Он чуть сжал её пальцы.
— Пока — наблюдать.
— А потом?
Он наклонился ближе.
— Посмотрим.
И в этом «посмотрим» было столько всего, что у неё внутри стало теплее.
И опаснее.
Когда они вышли из мастерской, солнце уже клонилось к закату.
Снег на дворе стал серым, воздух — холоднее.
Дом ждал.
Как будто чувствовал, что внутри него что-то меняется.
— Сегодня будет ещё разговор, — сказал Рено, когда они поднялись на крыльцо.
— Я помню.
— Вы не передумали?
Анна посмотрела на него.
— Нет.
— Хорошо.
Он открыл дверь.
Пропустил её вперёд.
И это было мелочью.
Но важной.
Анна вошла.
И улыбнулась.
Потому что теперь она точно знала:
игра началась всерьёз.
И ни один из них уже не собирался останавливаться.
Дом встретил их теплом, светом и тем особенным вечерним гулом, который бывает только в большом жилом доме, где все уже устали, но день ещё не отпустил никого до конца. В горнице пахло тушёным мясом, луком, дымом, шерстью, воском и хлебом. На столе уже стояли миски. Алис, с засученными рукавами и красными от горячей воды руками, вытирала ложки полотенцем так яростно, будто лично мстила им за весь сегодняшний день. Жеро, привалившись плечом к косяку, что-то тихо говорил Мартену и оба тут же замолчали, едва увидели, что Анна и Рено вошли вместе.
Замолчали не потому, что были дураками.
А потому, что были не дураками.
Анна это заметила сразу.
И Рено заметил тоже.
Он не подал виду. Просто снял с плеч тёплый плащ и бросил его на скамью у стены так, будто делал это каждый вечер и ни один человек в доме не должен был придавать этому значения. Но значение всё равно было. Теперь каждый взгляд, каждое их короткое молчание, каждый шаг рядом сразу начинали жить отдельной жизнью.
— Что у вас лица, как у двух кур на исповеди? — сухо спросила Беатриса, не поднимая головы от котла.
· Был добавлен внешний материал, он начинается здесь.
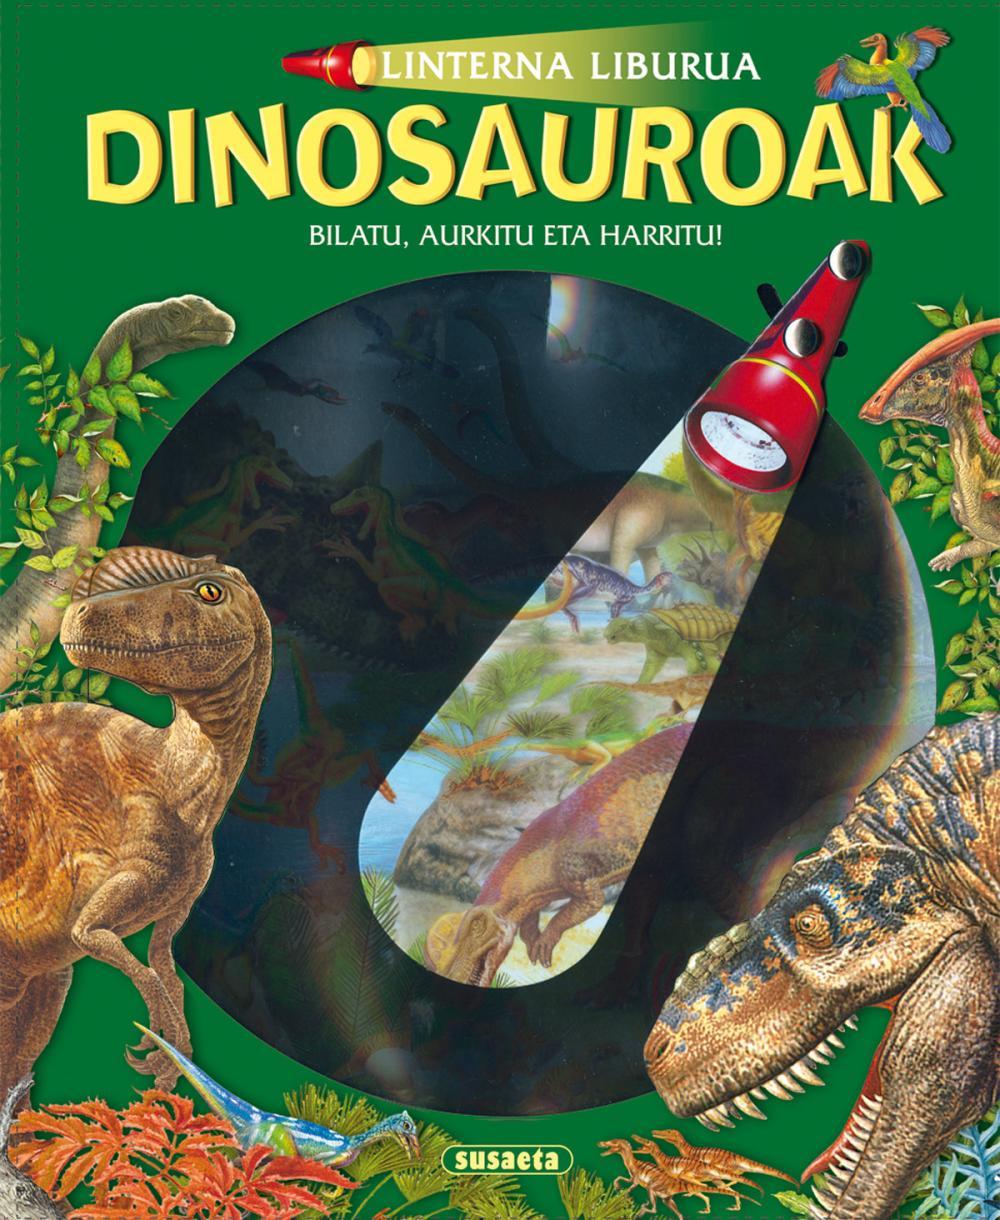 Dinosauroak

Жеро первым пришёл в себя.
— Мы молчим от уважения, госпожа.
— Ты молчишь только когда жуёшь, — отрезала она. — А если уж заговорил, значит, опять зря.
Анна опустила взгляд, чтобы скрыть улыбку.
Рено посмотрел на мать.
— Всё спокойно?
— Настолько, насколько может быть спокойно в доме, где за три недели переставили половину вещей, заткнули щели, вытряхнули подушки, вылечили ребёнка и начали делать товар из того, что у нас годами валялось под ногами, — ровно сказала Беатриса. — Так что, нет. Не спокойно. Но терпимо.
Жеро хмыкнул в кулак.
— Она вас хвалит, — тихо бросил он Анне, пока нёс миски.
— Я всё слышу, — сказала Беатриса.
— Именно потому и шепчу.
— Шёпот у тебя как у пьяного осла.
— Зато искренний.
— Пошёл вон за хлебом.
Жеро расплылся в улыбке и, кивнув Рено, исчез в кладовой. Мартен молча сел у края стола и занялся ремнём, который, по мнению Анны, уже давно был просто предлогом сидеть в тепле и наблюдать за чужой жизнью с видом человека, которому всё равно. Ему, разумеется, не было всё равно. И это делало его почти симпатичным.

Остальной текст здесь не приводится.